Transcribe only what runs from the line containing "Handmade Wooden Toy" through the final line below, exactly, and leave every picture out.

** Source material follows **

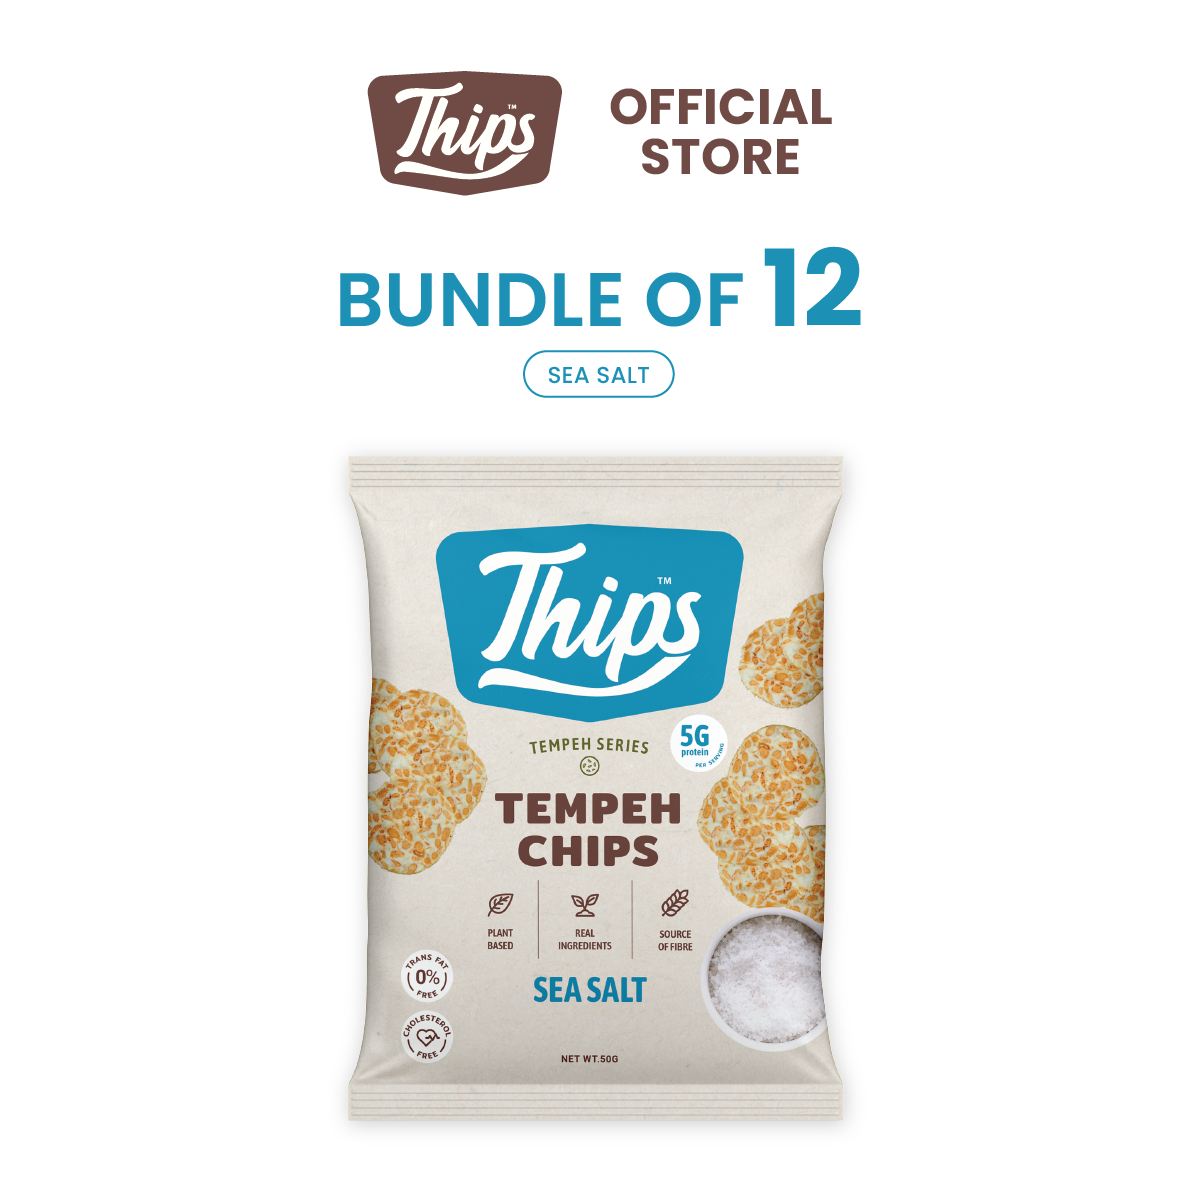 [Subscription Plan- Bundle of 12] Thips Sea Salt Tempeh Chips
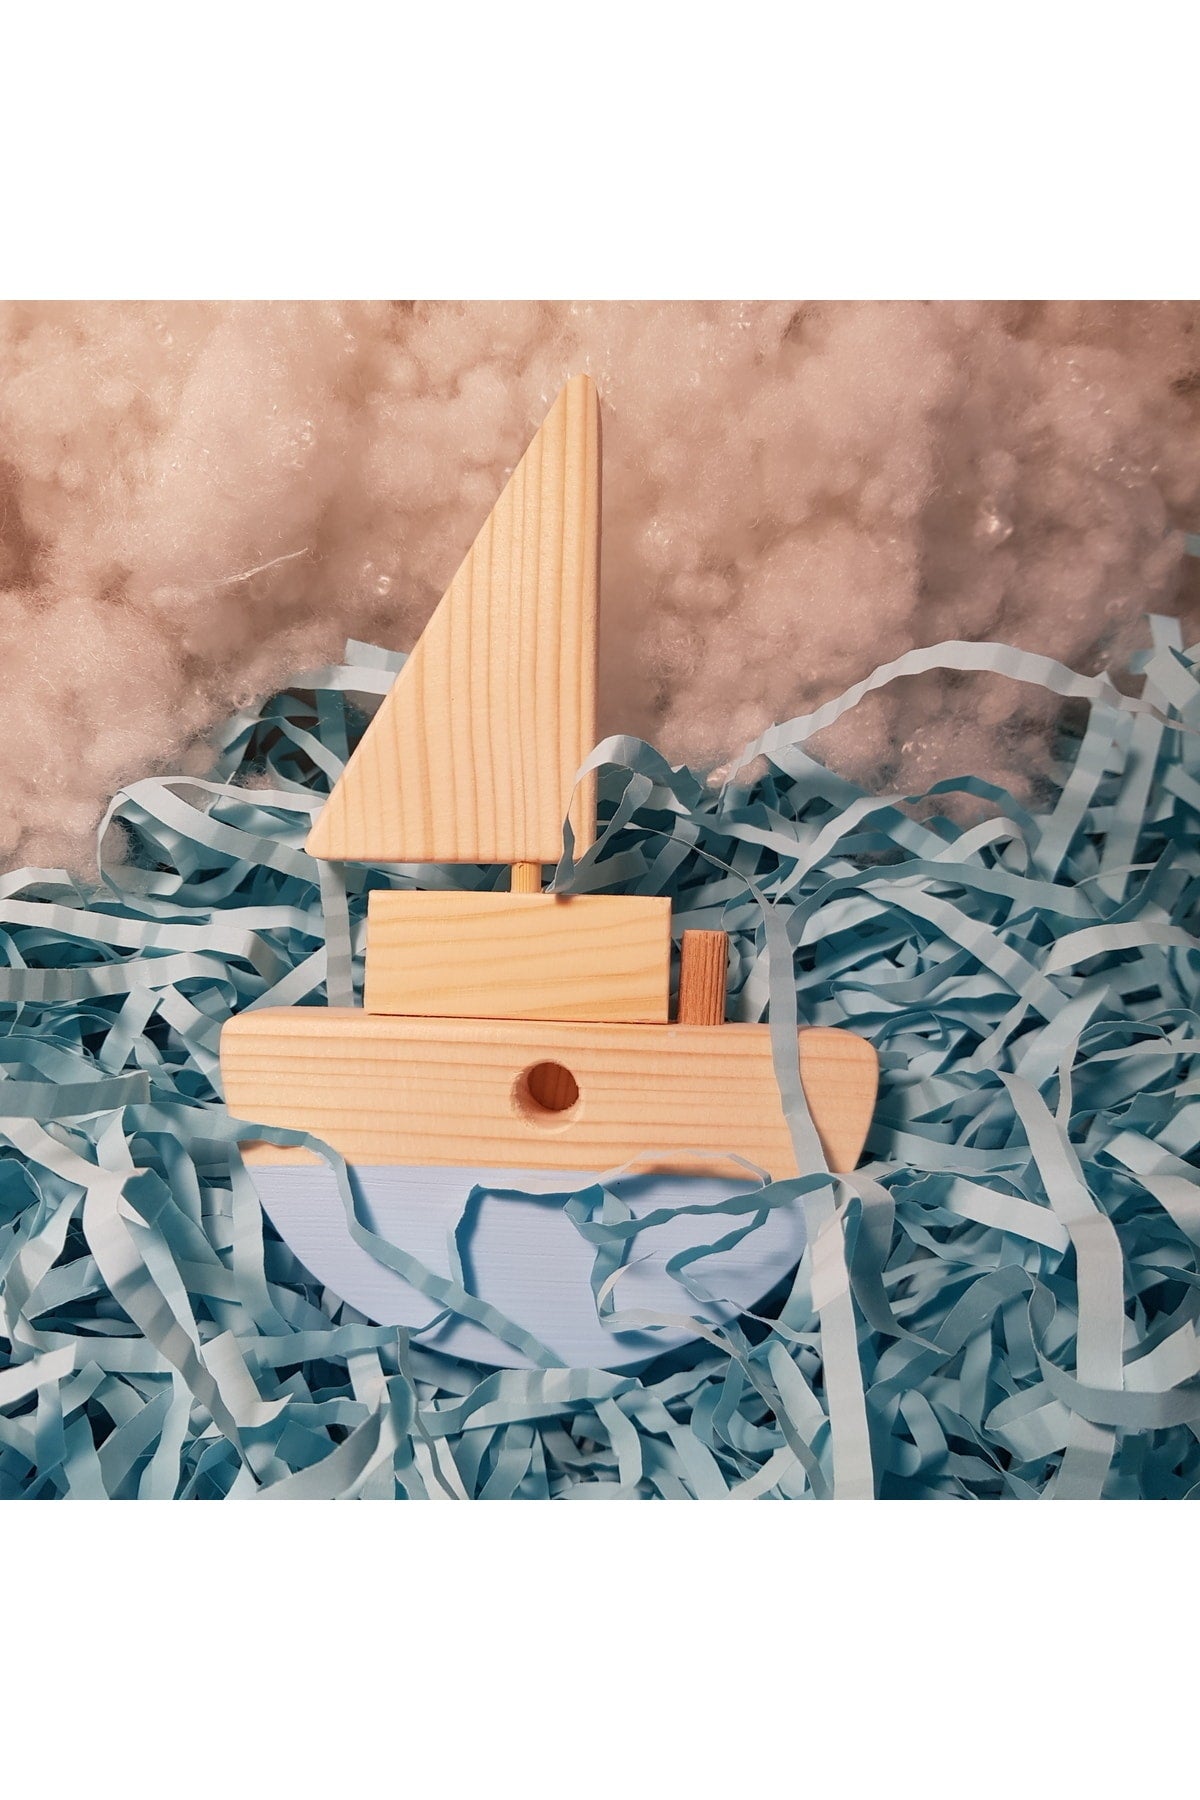 Handmade Wooden Toy Baby Ship Children's Imagination Gift Toy
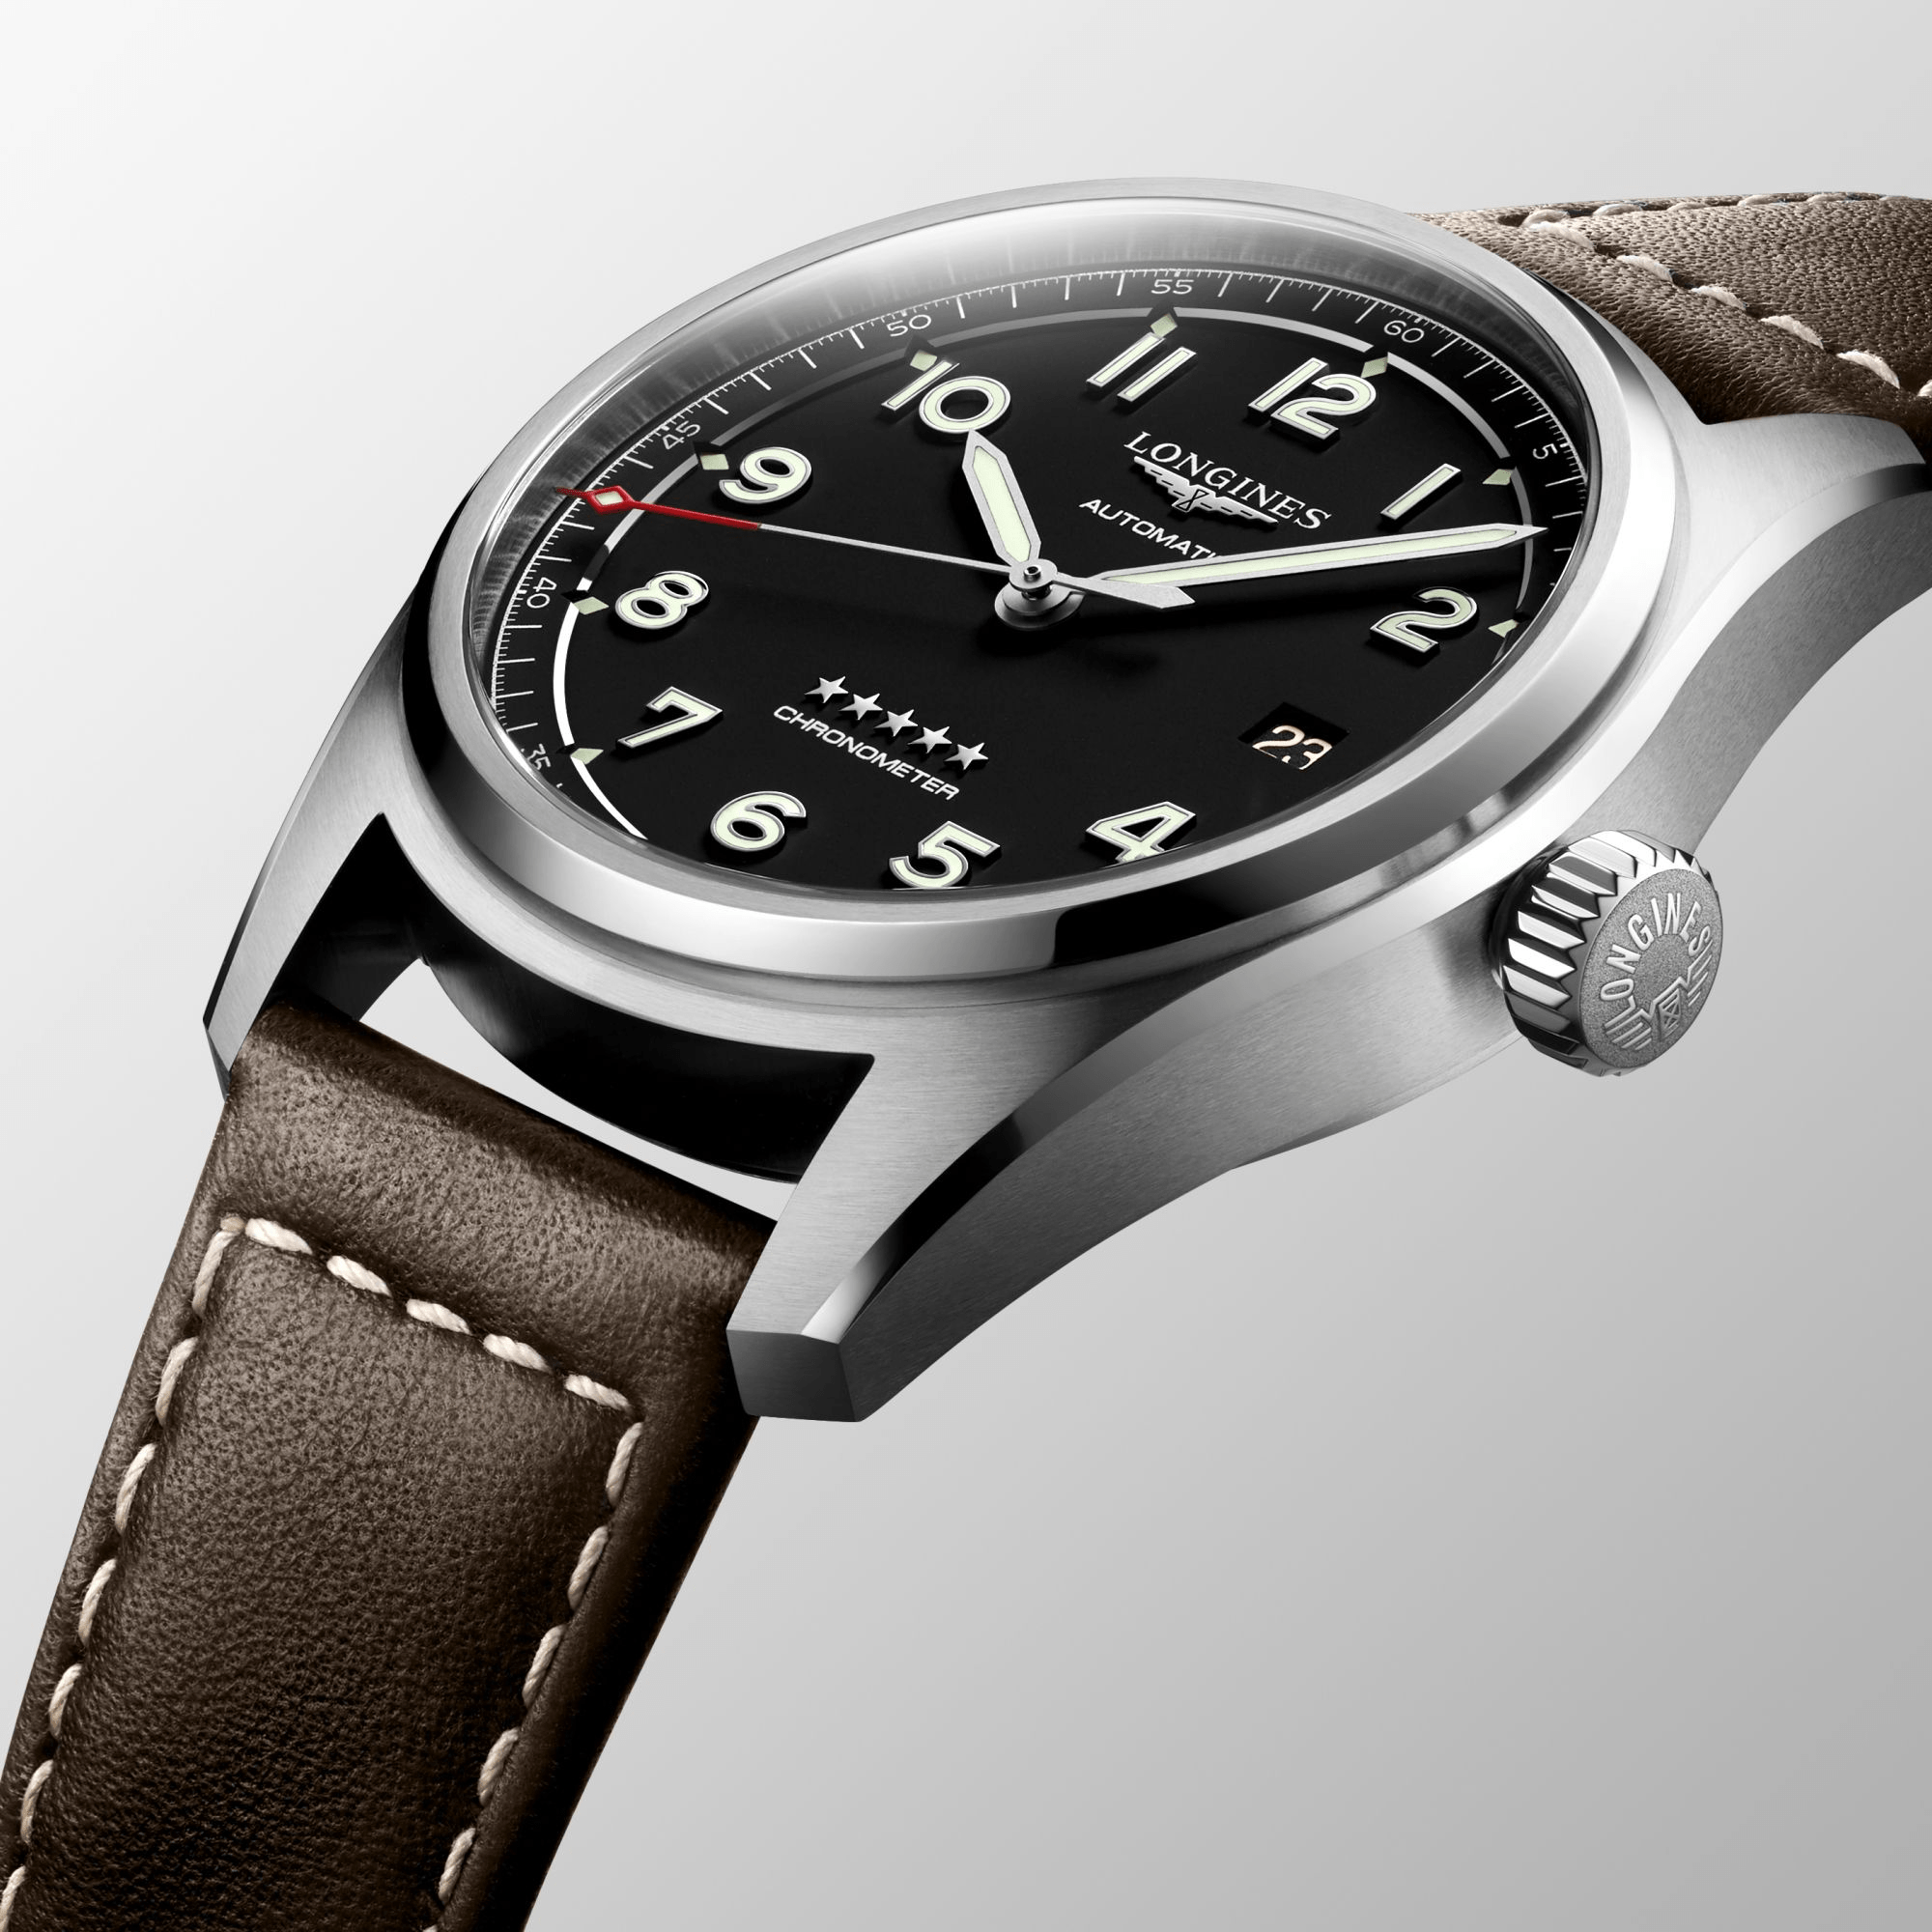 Longines Spirit 40mm Chronometer Black Matt Men's Watch L38104530

** End of Source material **

* [Answer to this exercise]:
 Handmade Wooden Toy Baby Ship Children's Imagination Gift Toy
 Longines Spirit 40mm Chronometer Black Matt Men's Watch L38104530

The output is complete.